Dead Man Walking (1995)

Where to stream it: Prime Video

Dead Man Walking is a rare thing: an Oscar-bait weepy that manages to chip away at your defences, leaving your face sodden by its climax despite all cynical barriers. Tim Robbins directed his then-wife Susan Sarandon to Oscar-winning glory in this simple, soul-searching story of a nun, Sister Helen, who acts as spiritual counsel to a prisoner on death row (Sean Penn). While today the film might cause that dreaded word – discourse – for the space and patience given to its racist and sexist main character, it is a justice drama that grapples with thorny, interesting dilemmas.
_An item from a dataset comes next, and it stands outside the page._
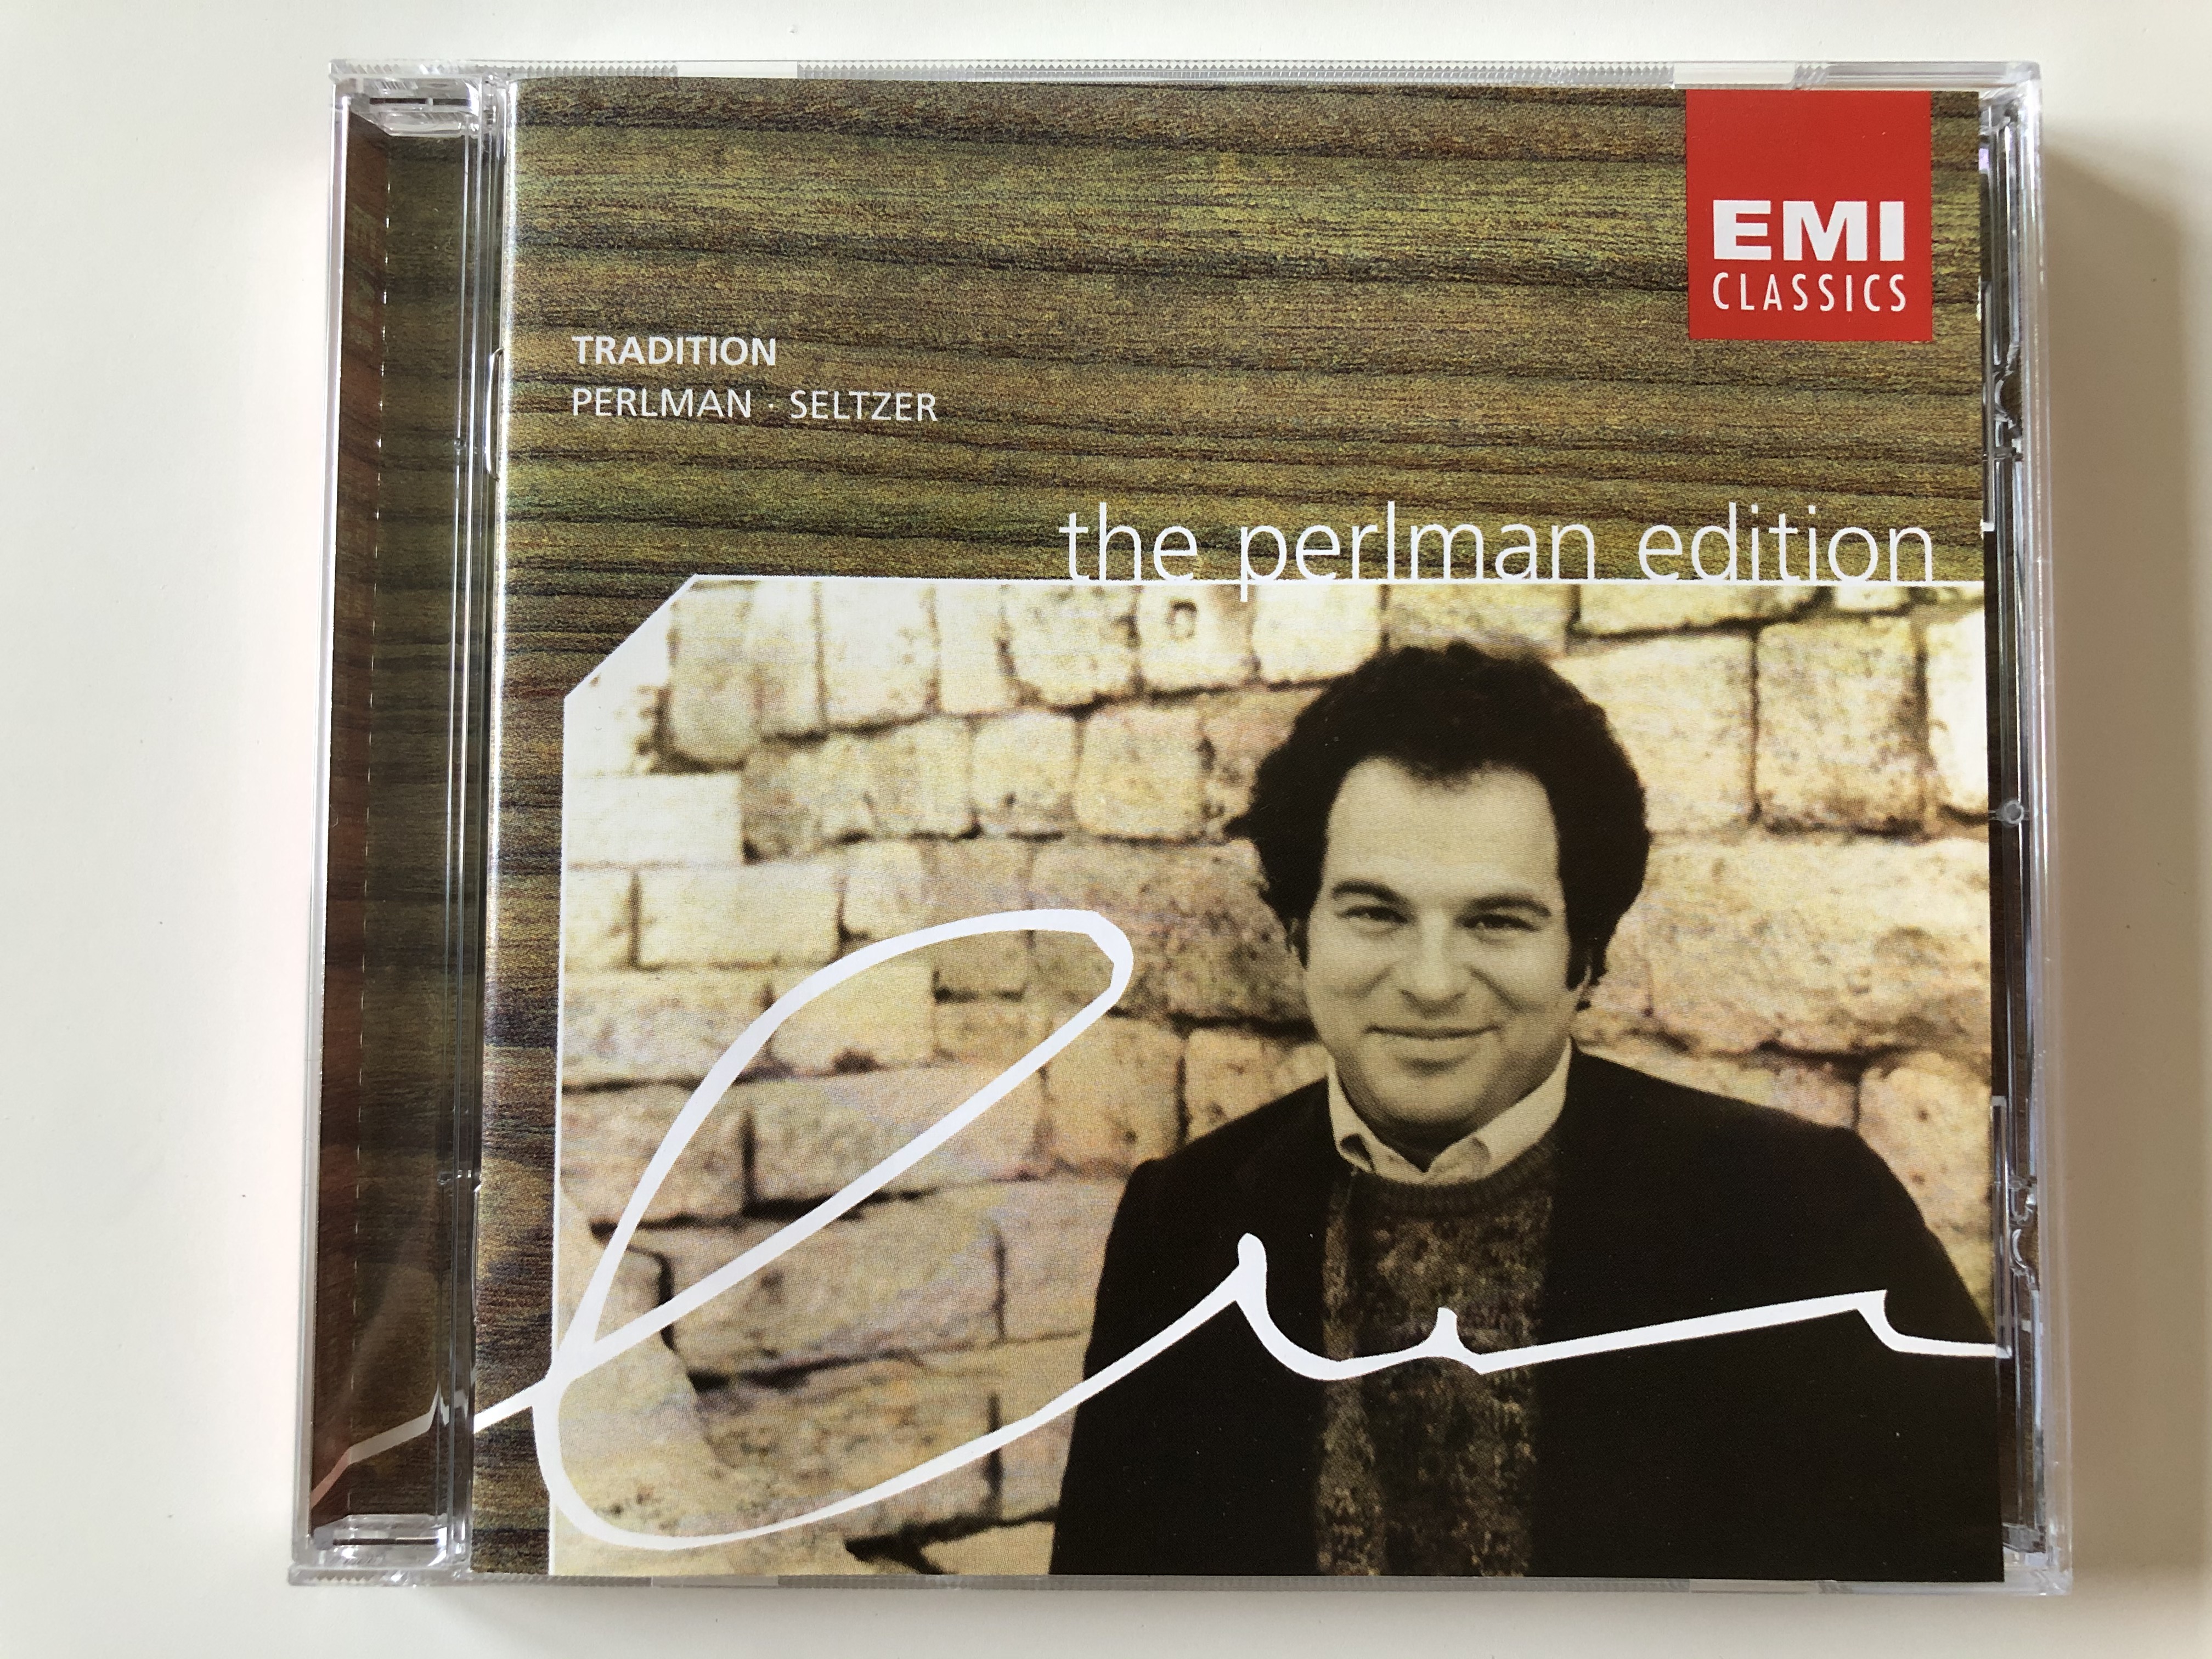 tradition-perlman-seltzer-the-perlman-edition-emi-classics-audio-cd-2003-stereo-5-62597-2-1-.jpg

In his glowing review, Roger Ebert put it simply: “This film ennobles filmmaking.”

 

Ida (2013)

Where to stream it: BFI Player

With ascetic, Bressonian camerawork and laser-sharp monochromatic cinematography, Paweł Pawlikowski’s Oscar-winning Ida is a far warmer a movie that its visuals let on. Starring Agata Trzebuchowska in the inscrutable titular role, we watch a young novitiate embark on a road trip with her freewheeling aunt, bent on discovering a family secret involving the German occupation of Poland during WWII. A woozily romantic dance set to John Coltrane’s “Naima” is one highlight, but it’s the overall atmosphere of familial reconciliation and identity searching that truly marks this work – the stakes involved when women are asked to abandon their every instinct in order to forge an unfettered connection to God.

 

Novitiate (2017)

Where to stream it: Prime Video

Depicting the Catholic nunnery as a nefarious system that attracts and then preys upon the weak, Novitiate introduces a group of postulants in the 1950s who are looking to the habit as a way to find meaning in their lives. One member of the group, Sister Cathleen (Margaret Qualley), takes her novitiate vows of poverty, chastity and obedience to the extreme – refusing visits from her mother, and eventually starving herself in order to feel God’s love. The church’s transition to Vatican II’s softer teachings, which disavow such extreme acts of self-flagellation, is unwelcomed by Reverend Mother Marie Saint-Clair (Melissa Leo), whose sadism forces Cathleen to seek sapphic comfort in the arms of a fellow Sister.

Benedetta is released in UK cinemas on 15 April.